The stakes are high in this debate, as the outcome could limit the impact of one of the biggest voting rights victories in recent decades by reducing the number of people eligible to immediately register to vote. That impact could be especially significant for black Floridians, who make up a disproportionate number of those disenfranchised.

Vox’s German Lopez explained Amendment 4’s significance last year:

In 2016, the Sentencing Project estimated that 6.1 million people convicted of felonies can’t vote in the US, including many still in prison, on probation, or on parole, and some who have completed their sentences. Florida, with its harsh law, made up more than a quarter of that total — with 1.6 million people in the state barred from voting in 2016. In total, more than 10.4 percent of Florida’s voting-age population couldn’t vote due to a felony record. (The national numbers are likely outdated because some states have relaxed their laws since 2016. But Florida, with its law still in place, remains a big outlier.)

So if Amendment 4 does pass, it will amount to the most significant expansion of voting rights in America in decades — since the women’s suffrage movement and federal Voting Rights Act of 1965.

“At the end of the day, when a debt is paid, it’s paid,” Desmond Meade, president of the Florida Rights Restoration Coalition, one of the groups that campaigned for Amendment 4, told Lopez at the time. “We all want to be forgiven.”

But after Florida voters backed the amendment last year, then-Republican Gov.-elect Ron DeSantis and other party figures argued that the ballot measure was not clear, and that the legislature would need to work on “implementing language.” It led to complaints that politicians were looking to thwart the voting rights of a group of disproportionately black voters for political reasons. (While not every person disenfranchised before Amendment 4’s passage supports Democrats, a detailed report from Mother Jones’s Ari Berman cited data suggesting that many reenfranchised people who decide to vote would.)

While the debate over court fines and fees has attracted the most attention, earlier this year advocates also voiced concerns about two other proposals that were floated by Republican lawmakers.

In the House bill, lawmakers included language on how they wanted to define “felony sexual offenses,” one of the two classes of offenses that would bar a person from getting their voting rights restored. Those involved in the push for Amendment 4 say only people who committed “serious” offenses like rape and sexual assault should be affected by this, but the House’s proposal could widen that to include someone convicted of prostitution, or someone who sold adult content near a school. Republicans say they are simply relying on legal definitions of the offenses.
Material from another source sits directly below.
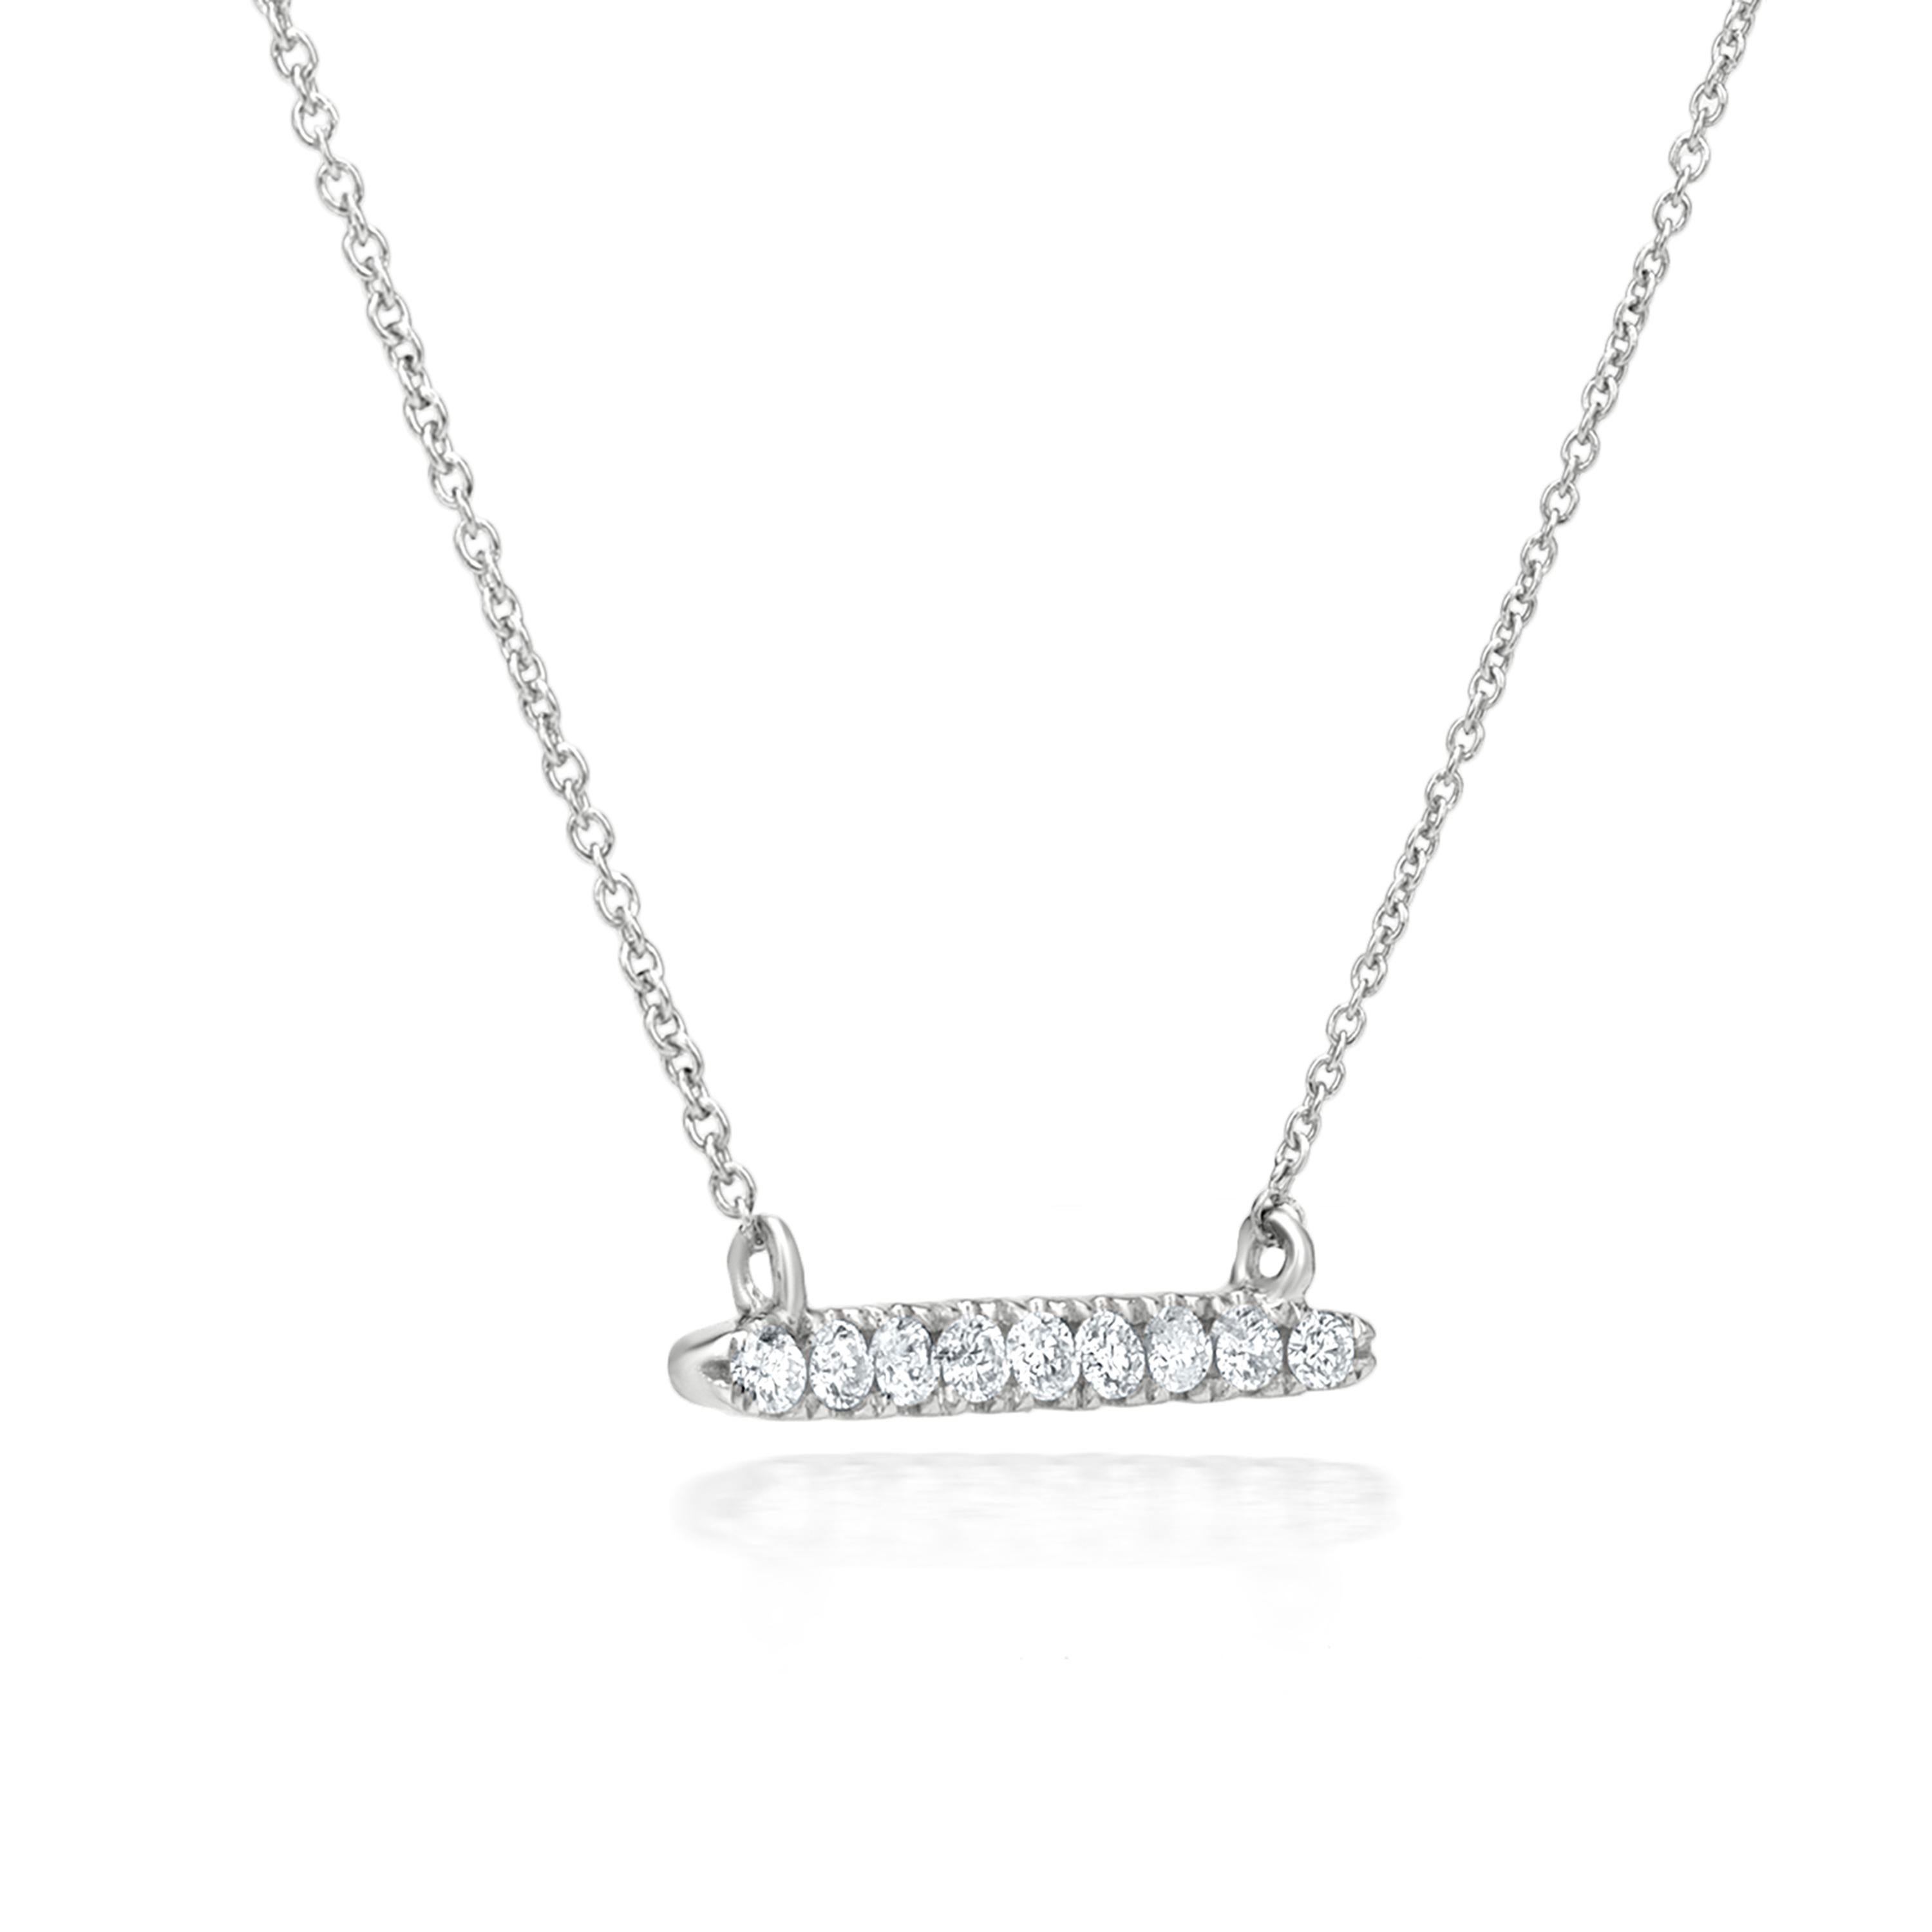 Contemporary Luxle Bar Diamond Pendant Necklace in 18K White Gold

A Republican legislator also floated a proposal that would expand the definition of “murder” — the second class of felonies left out of Amendment 4 — to include attempted murder. Advocates say the amendment is clearly written to only exclude those convicted of first-and second-degree murder, and that adding attempted murder to this group would be overly broad.

The Senate version of the legislation initially included a similar definition of murder, but that language was removed from the bill in early April in an attempt to gain support from Amendment 4’s supporters. According to the Tallahassee Democrat, the Senate bill would limit the definition of “felony sexual offenses” to instances where a person is required to register as a sex offender.

The bill also abandons the House’s focus on additional court fees by allowing those under civil liens to register, but the bill would require people with felony records to pay any restitution ordered by a judge. That proposal isn’t as strict as the House’s version, but some Amendment 4 supporters argue that at this point, Republicans should completely abandon tying any financial requirements to Amendment 4.

Voting rights advocates also argue that legislators must respect the will of the majority of voters who supported the amendment in 2018. “We believe the people deserve better than partisan legislation determining who can vote in our state,” Meade and Neil Volz, both leaders of the Florida Rights Restoration Coalition, explained in a March Tampa Bay Times op-ed.